Lattices

CubicLattice

Three dimensional primitive cubic lattice. Each site has six equidistant neighbors with a fourfold rotational symmetry in each of the three planes.

See https://en.wikipedia.org/wiki/Cubic_crystal_system

Fields

• a: lattice constant
• data: underlying array

Example

julia> using GrowthDynamics.Lattices

julia> l = CubicLattice(1/2, ones(16,16,16))
CubicLattice{Float64, Array{Float64, 3}}(0.5, [1.0 1.0 … 1.0 1.0; 1.0 1.0 … 1.0 1.0; … ; 1.0 1.0 … 1.0 1.0; 1.0 1.0 … 1.0 1.0;;; 1.0 1.0 … 1.0 1.0; 1.0 1.0 … 1.0 1.0; … ; 1.0 1.0 … 1.0 1.0; 1.0 1.0 … 1.0 1.0;;; 1.0 1.0 … 1.0 1.0; 1.0 1.0 … 1.0 1.0; … ; 1.0 1.0 … 1.0 1.0; 1.0 1.0 … 1.0 1.0;;; … ;;; 1.0 1.0 … 1.0 1.0; 1.0 1.0 … 1.0 1.0; … ; 1.0 1.0 … 1.0 1.0; 1.0 1.0 … 1.0 1.0;;; 1.0 1.0 … 1.0 1.0; 1.0 1.0 … 1.0 1.0; … ; 1.0 1.0 … 1.0 1.0; 1.0 1.0 … 1.0 1.0;;; 1.0 1.0 … 1.0 1.0; 1.0 1.0 … 1.0 1.0; … ; 1.0 1.0 … 1.0 1.0; 1.0 1.0 … 1.0 1.0])

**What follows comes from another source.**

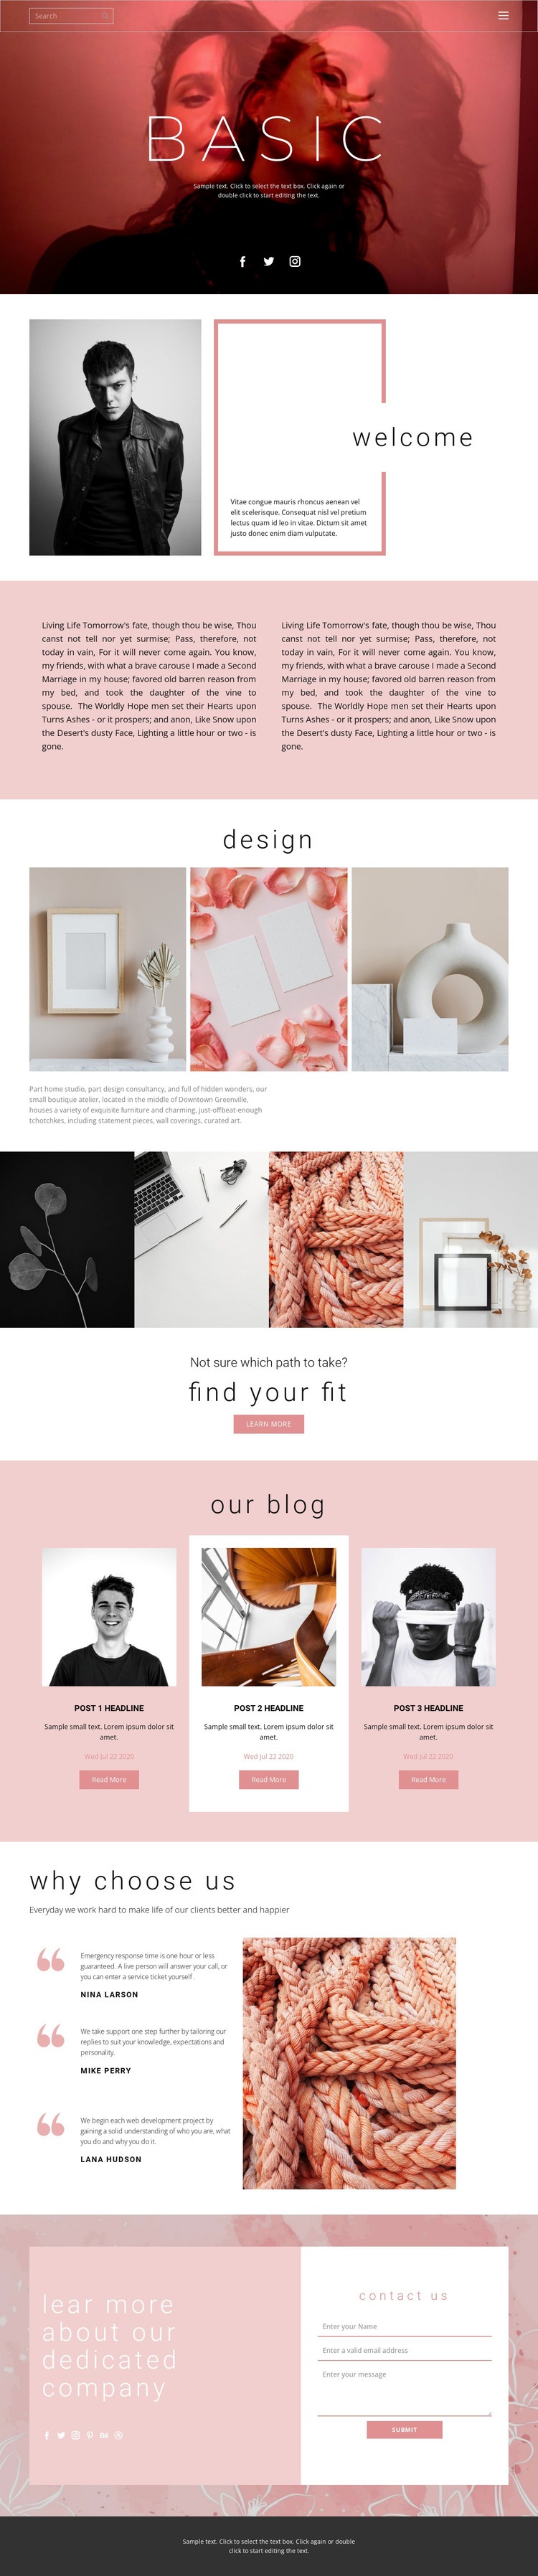 Fashion trends this year Webflow Template Alternative
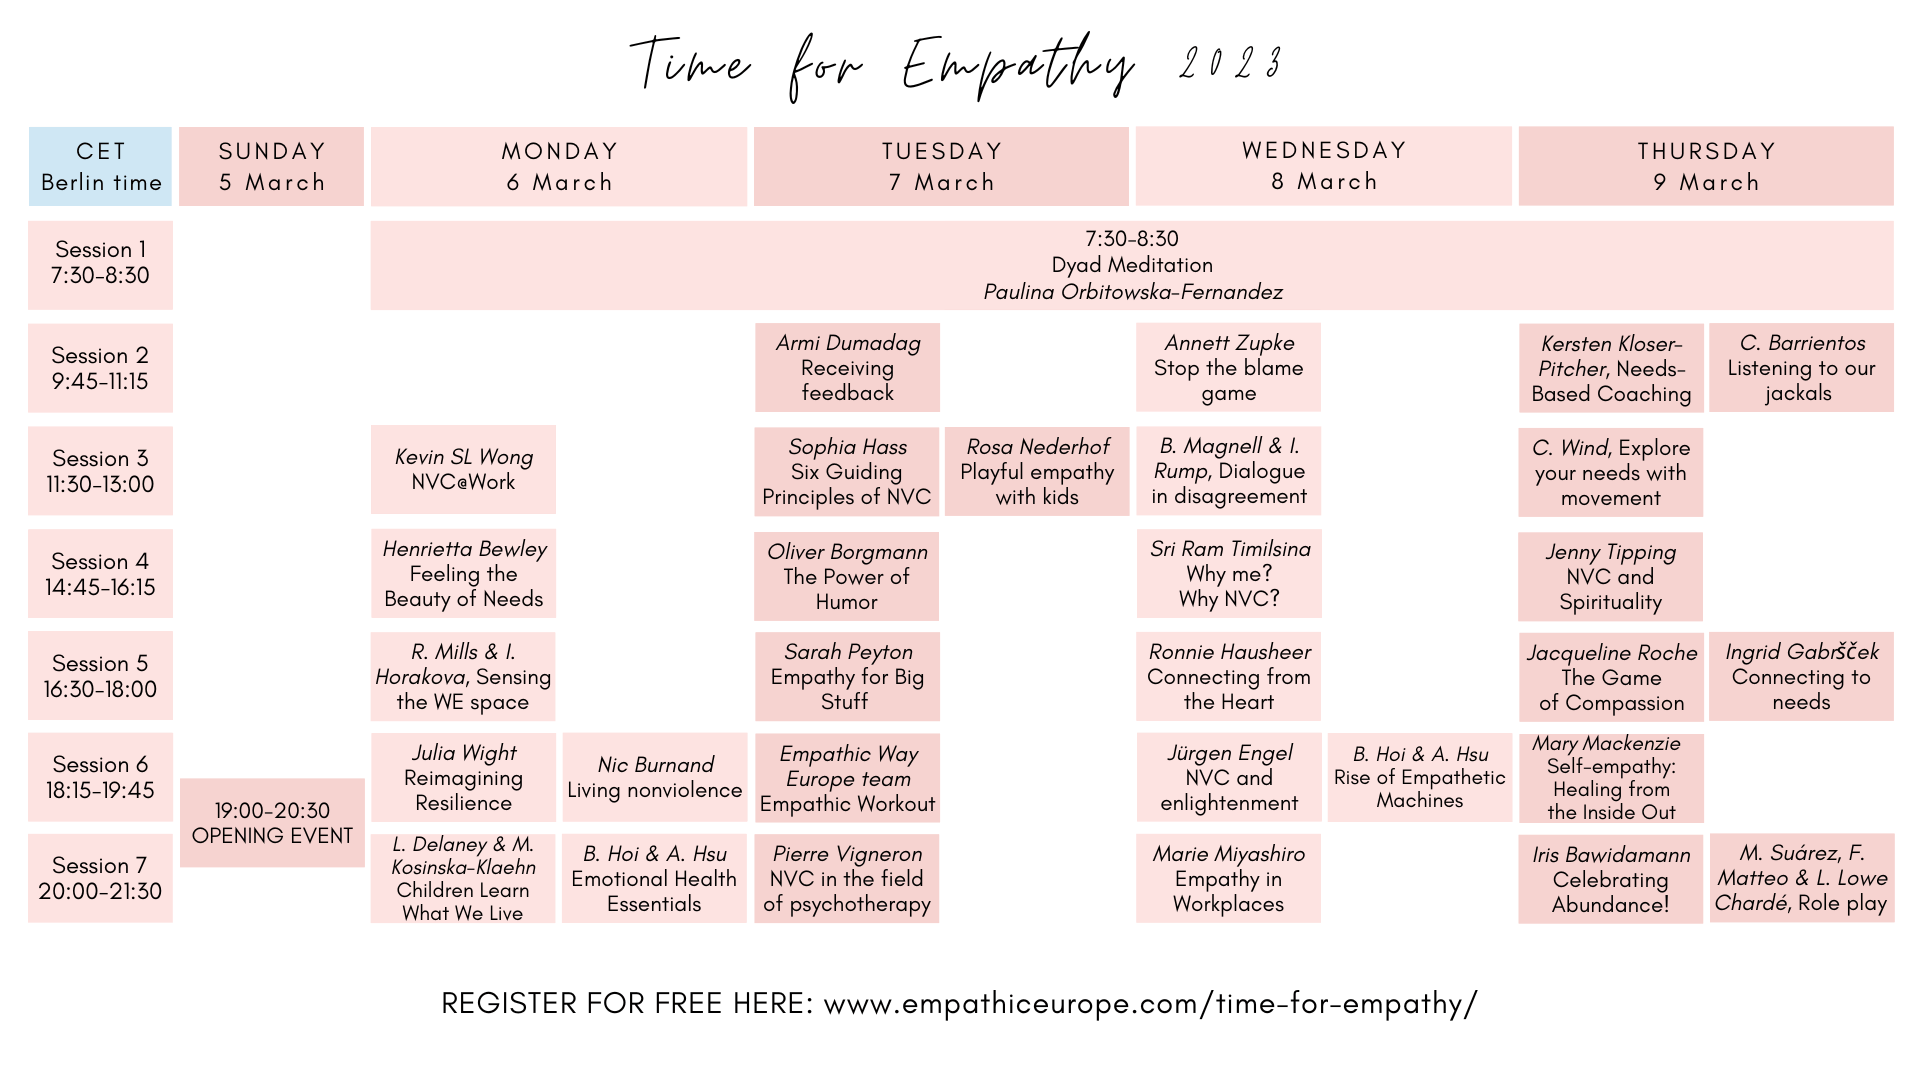 Time for Empathy 2023 programme

julia> neighbors(l, (8,8,8))
6-element StaticArraysCore.MVector{6, CartesianIndex{3}} with indices SOneTo(6):
 CartesianIndex(7, 8, 8)
 CartesianIndex(9, 8, 8)
 CartesianIndex(8, 7, 8)
 CartesianIndex(8, 9, 8)
 CartesianIndex(8, 8, 7)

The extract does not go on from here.